Institutions : les Français d’accord
Les salariés inquiets
Invités à choisir le mot résumant le mieux leur état d’esprit lorsqu’ils pensent à leur travail, près de la moitié des salariés (48 %) ont cité l’inquiétude (+ 9 points par rapport à février) ou le stress (40 %, + 1 point), tandis que la colère (21 %, + 4 points) et la résignation (18 %, + 1 point) progressent. Le pourcentage de salariés s’identifiant à des sentiments négatifs en pensant à leur travail est en constante hausse depuis l’élection présidentielle et atteint aujourd’hui 72 %.
Sarkozy et l’UE : les Français sceptiques
Seuls 31 % des Français font confiance à Nicolas Sarkozy pour faire repartir la construction européenne après le “non” irlandais au traité de Lisbonne, contre 57 % affichant leur scepticisme. Seulement 39 % lui font confiance pour avoir un projet ambitieux pour l’Europe, contre 53 % d’un avis contraire (8 % ne se prononcent pas). Ils sont aussi partagés sur la capacité du président à faire preuve de diplomatie envers les partenaires européens : 44 % lui font confiance, contre 49 % d’un avis contraire.
TVA sur le pétrole : "oui" au plafonnement
Interrogés sur la proposition de Nicolas Sarkozy d’un plafonnement européen de la TVA sur les produits pétroliers, les Français sont 13 % à estimer que c’est une "très bonne idée" et 44 % que c’est une "assez bonne idée". Ils sont 20 % à penser que c’est une "assez mauvaise idée" et 12 % que c’est une "très mauvais idée". 11 % ne se prononcent pas.
Ipsos/Fédération française des automobile-clubs, 02/06/2008
Institutions : oui à la réforme
Quand on leur demande s’ils souhaitent que leur député vote ou non le projet de loi constitutionnelle, 51 % des sondés répondent oui, 21 % non, 28 % ne tranchant pas la question. Par ailleurs, 81 % des électeurs de l’UMP sont pour un oui de leur député au texte, les sympathisants socialistes étant plus partagés: le oui (41 %) l’emportant sur le non (32 %).

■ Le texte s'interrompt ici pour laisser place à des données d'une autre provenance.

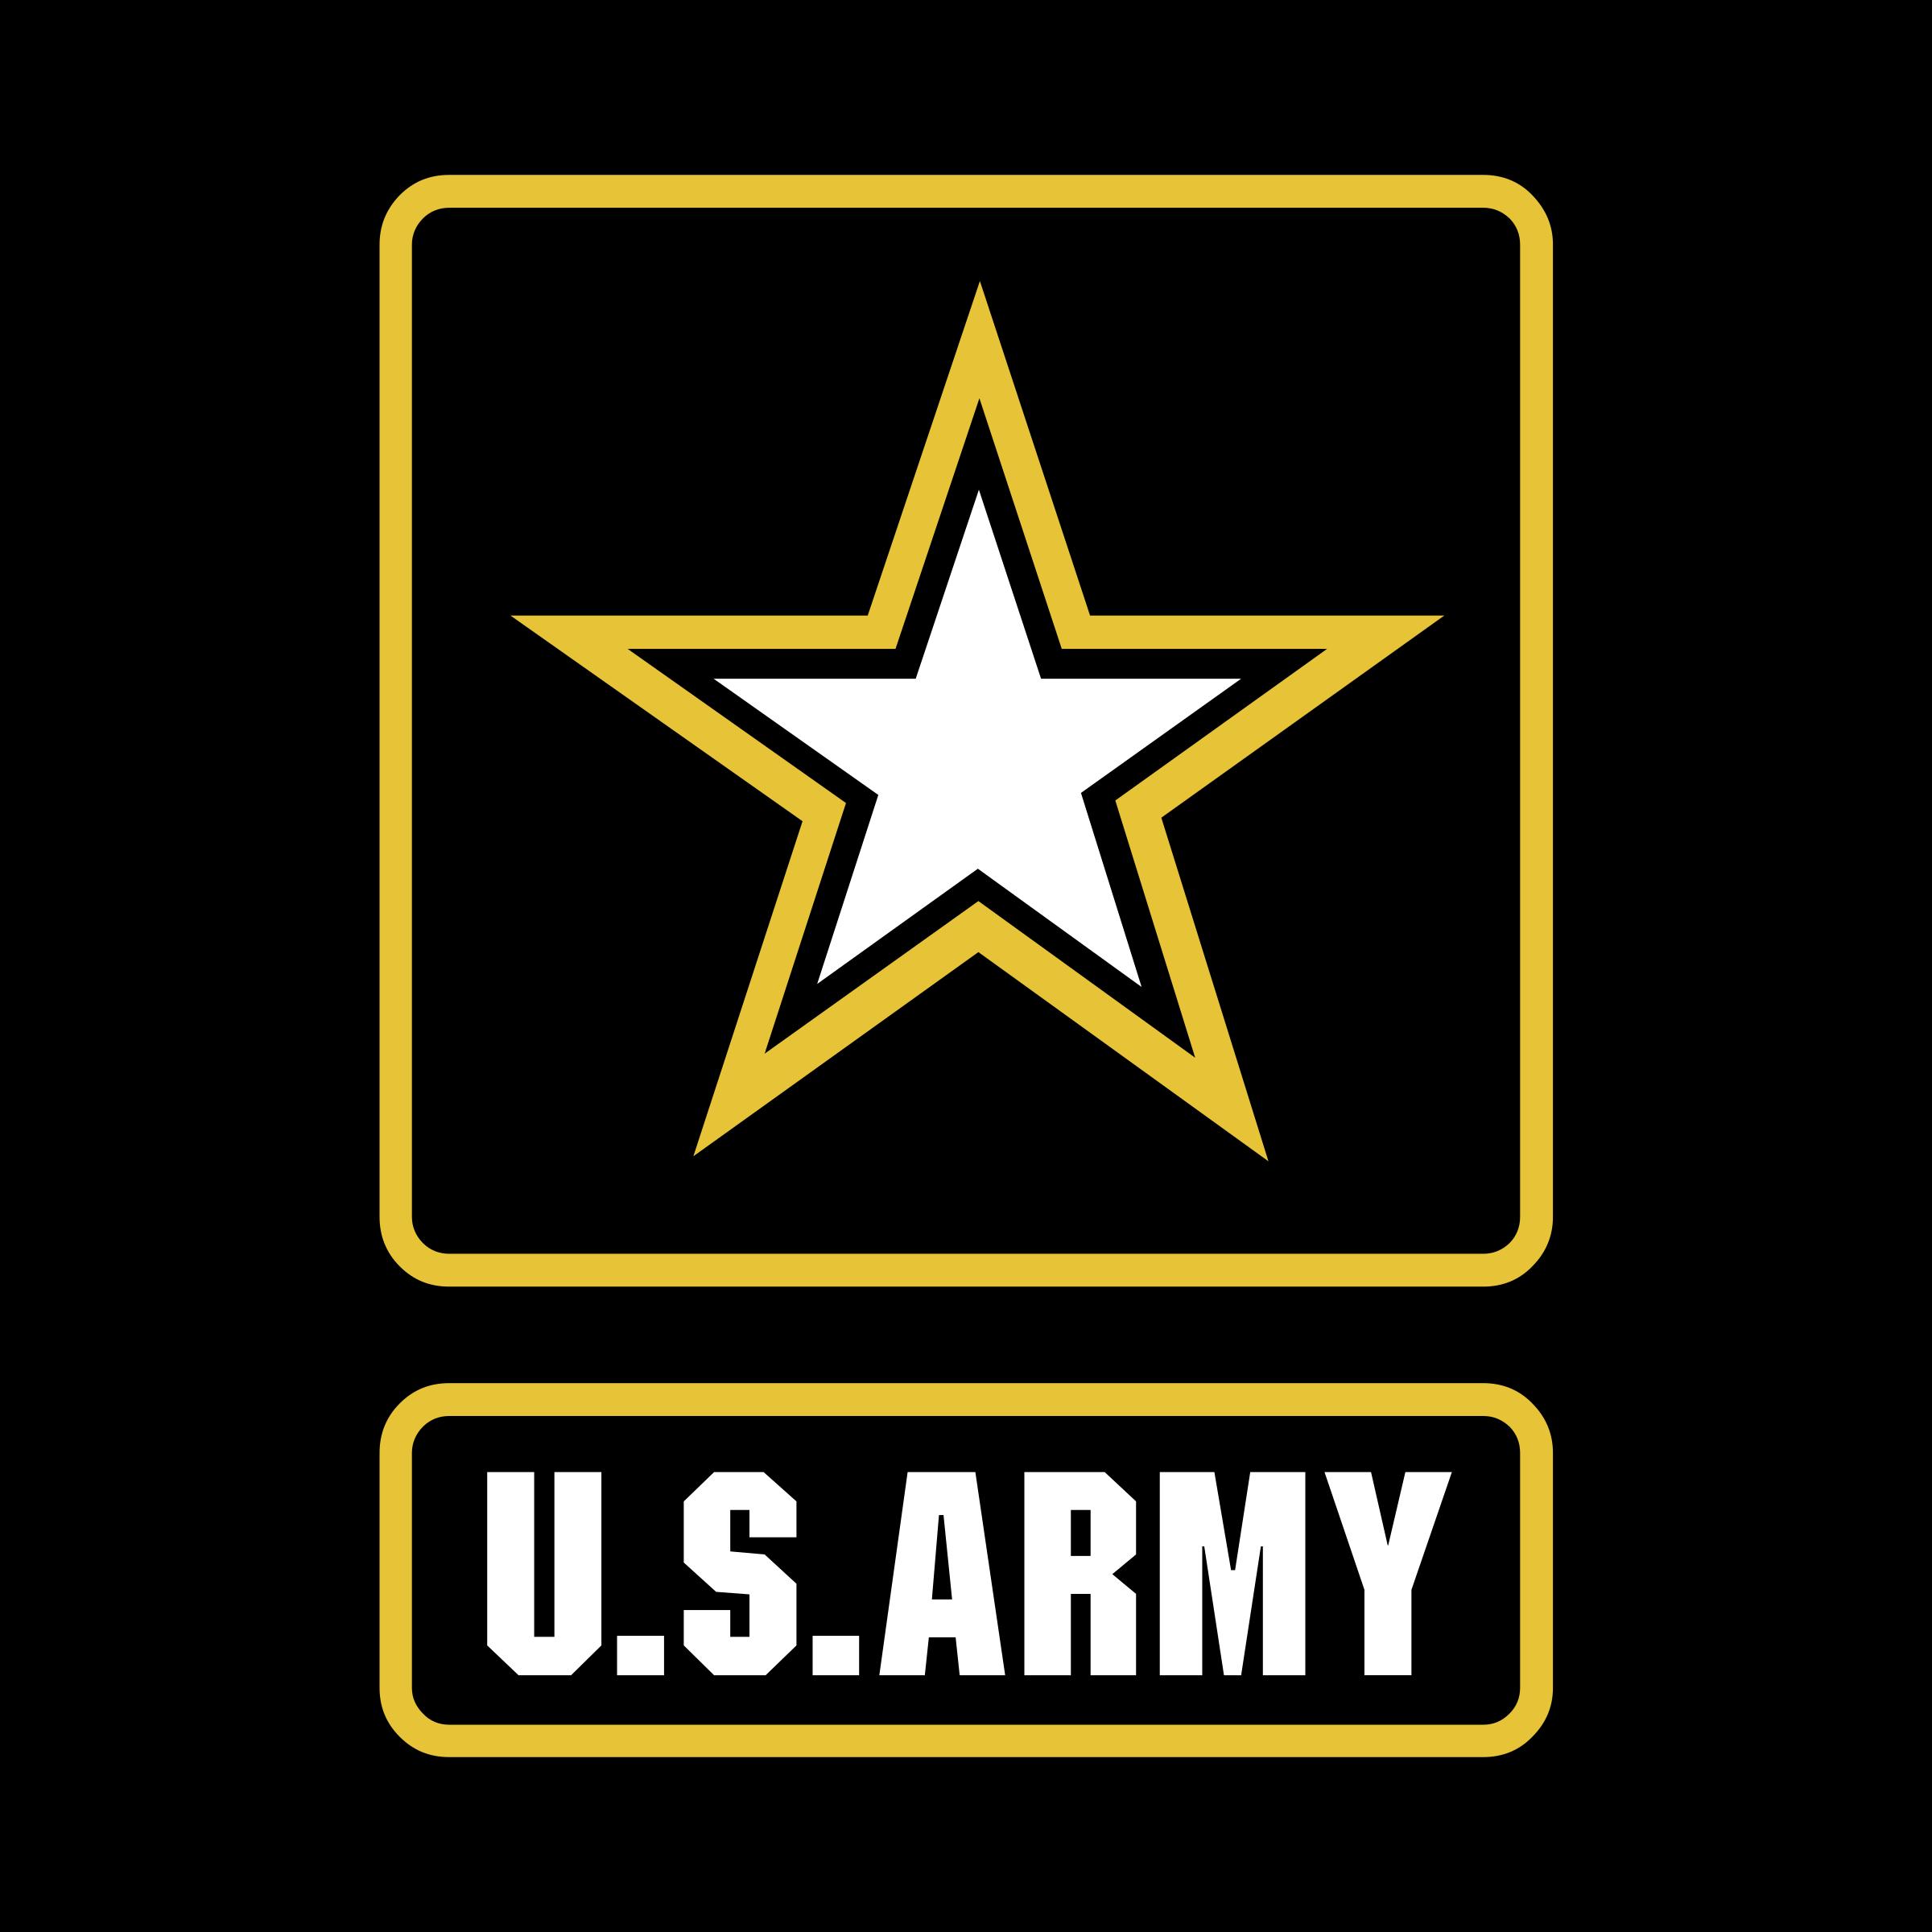 US Army Logo PNG Transparent & SVG Vector.

BVA/France Inter/Les Échos, 27/05/2008.
Sarkozy-Fillon : petite baisse
38 % des Français estiment que la réforme de l’État va trop vite et 33 % pas assez. Par ailleurs, 56 % des Français estiment que le non-remplacement d’un fonctionnaire sur deux partant à la retraite est une mauvaise mesure. Les plus hostiles sont les moins de 35 ans (63 %) et les catégories populaires (76 % des employés et 65 % des ouvriers). Les plus favorables sont les plus de 65 ans (55 %) et les artisans et commerçants (69 %).
Ifop/ Acteurs publics/Le Monde, 16/05/2008.